- Data listing
● ● ● ● ● ● ●

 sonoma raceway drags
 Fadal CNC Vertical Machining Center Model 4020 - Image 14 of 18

● ● ● ● ● ● ●

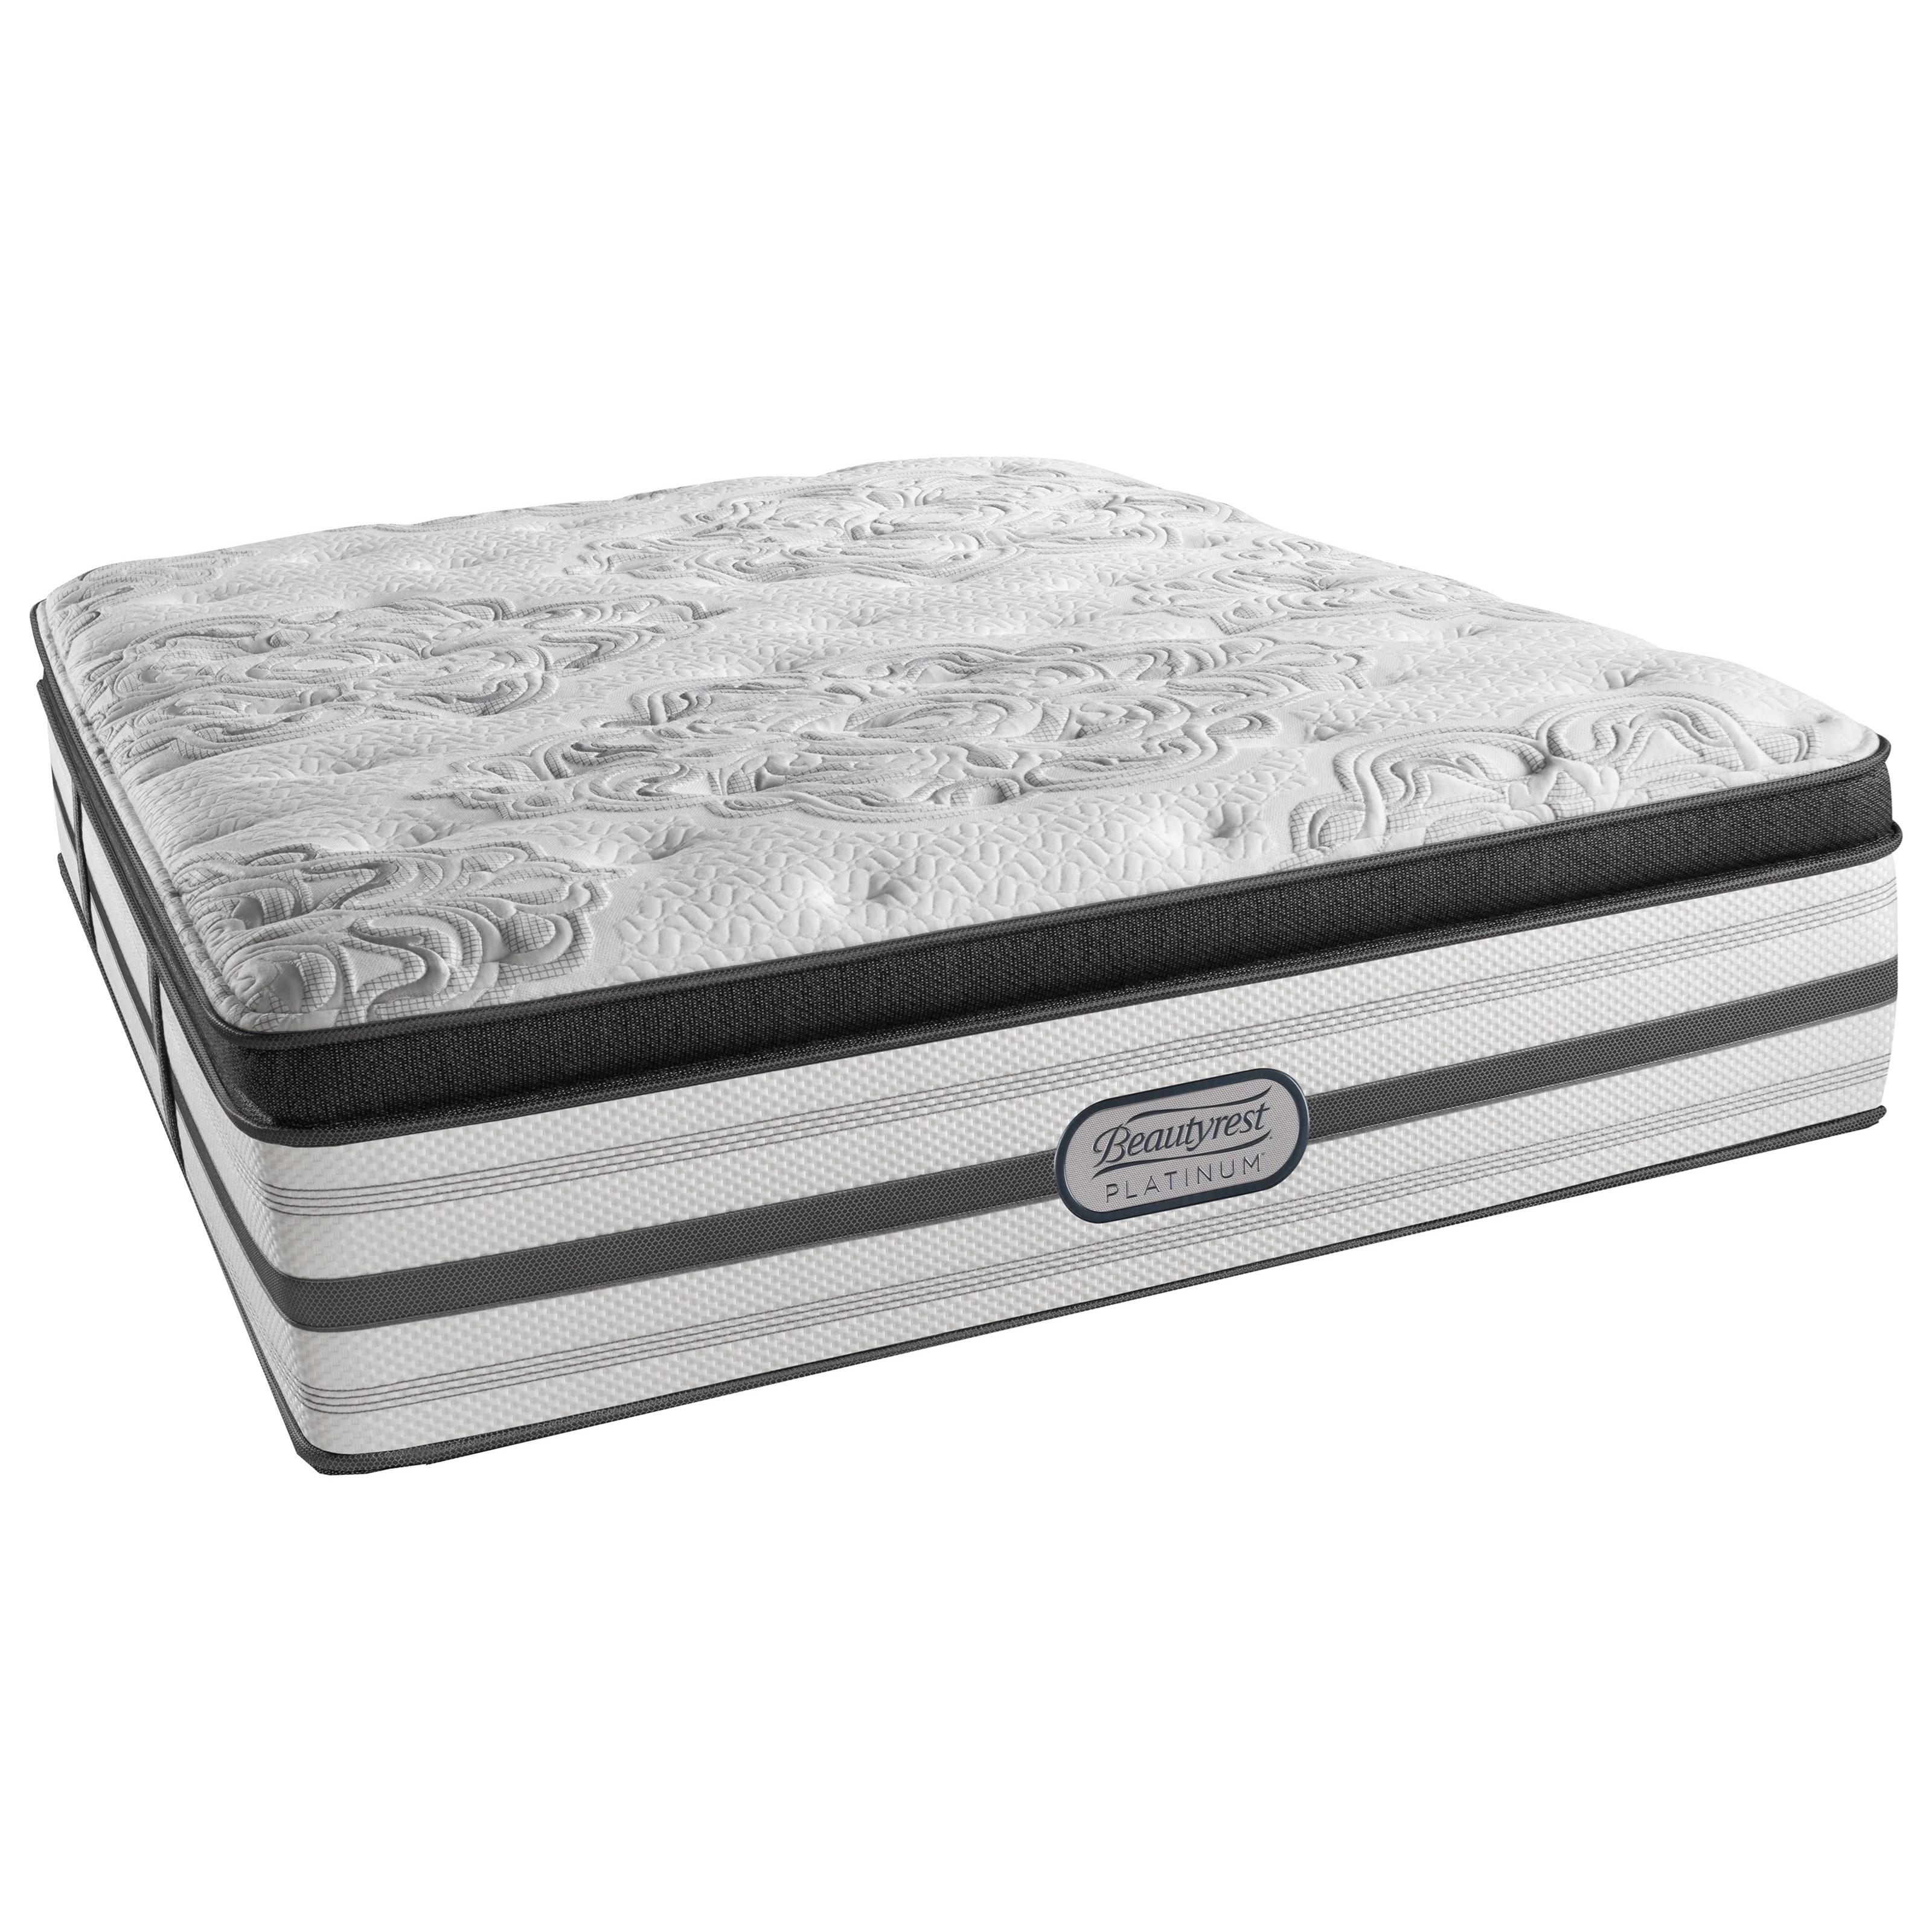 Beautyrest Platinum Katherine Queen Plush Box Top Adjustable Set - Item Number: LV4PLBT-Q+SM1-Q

● ● ● ● ● ● ●

- Work to be completed
Set down exactly the lines of the data above, beginning with the line that has "sonoma raceway drags" and ending with the line that has "Fadal CNC Vertical", and no others.

- Written response
 sonoma raceway drags
 Fadal CNC Vertical Machining Center Model 4020 - Image 14 of 18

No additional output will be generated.